Krefeld, 21. Februar 2016
Sollen öffentliche Plätze durch Videokameras ständig überwacht werden?

Im zuständigen Ausschuss des Stadtrates diskutierten die Ratsfraktionen grundsätzlich über Sicherheit in unserer Stadt

Sicherheit durch Kameras?
Am Mittwoch der vergangenen Woche wurde der Antrag der CDU-Stadtratsfraktion, die Stadtverwaltung möge die Einrichtung einer ständigen Videoüberwachung an öffentlichen Plätzen und der neuen Ostwallhaltestelle vorbereiten, im Ausschuss für Verwaltung, Vergabe, Ordnung und Sicherheit beraten und von der Mehrheit der Ratsmitglieder argumentativ abgelehnt.

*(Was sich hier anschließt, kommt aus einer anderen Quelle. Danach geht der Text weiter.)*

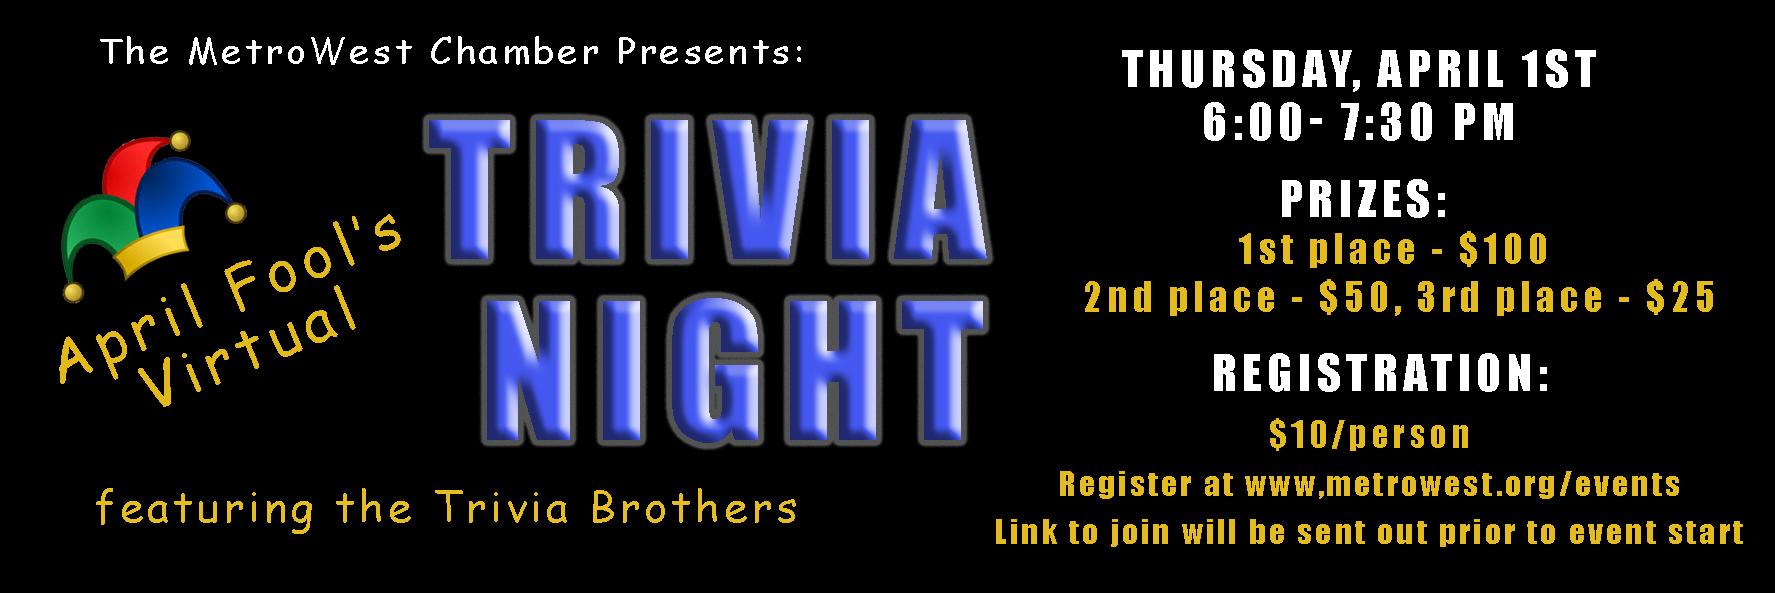 April-Fool's-Trivia-Night-web-slider.jpg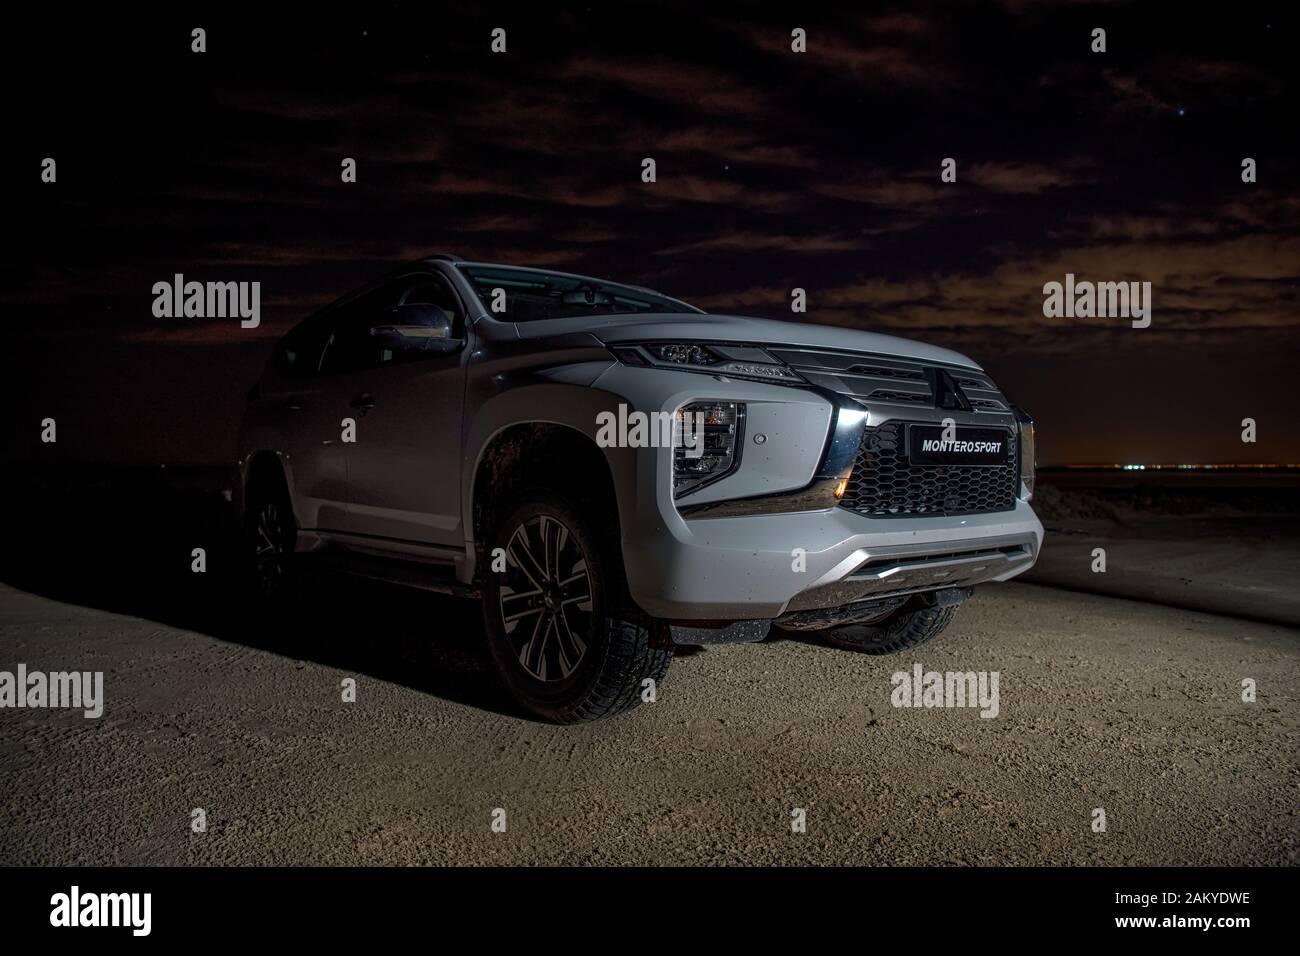 Mitsubishi Montero Sport Suv 4x4 Urban Vehicle Front View Camping In Desert Stock Photo Alamy

Ich habe in der Ausschusssitzung für die SPD-Fraktion dargelegt, dass weder der Stadtrat noch die Stadtverwaltung die rechtlichen Möglichkeiten dazu haben. Ständige Videoüberwachung auf öffentlichen Plätzen ist im Polizeigesetz NRW geregelt und darf nur zur Verhinderung und Bekämpfung von Schwerstkriminalität durch das Innenministerium NRW und die obere Polizeiführung NRW angeordnet werden. Dazu zählen - wie von der CDU unterstellt - weder der Theaterplatz noch die Bereiche der neuen Ostwallhaltestelle oder am Hauptbahnhof oder anderswo in Krefeld.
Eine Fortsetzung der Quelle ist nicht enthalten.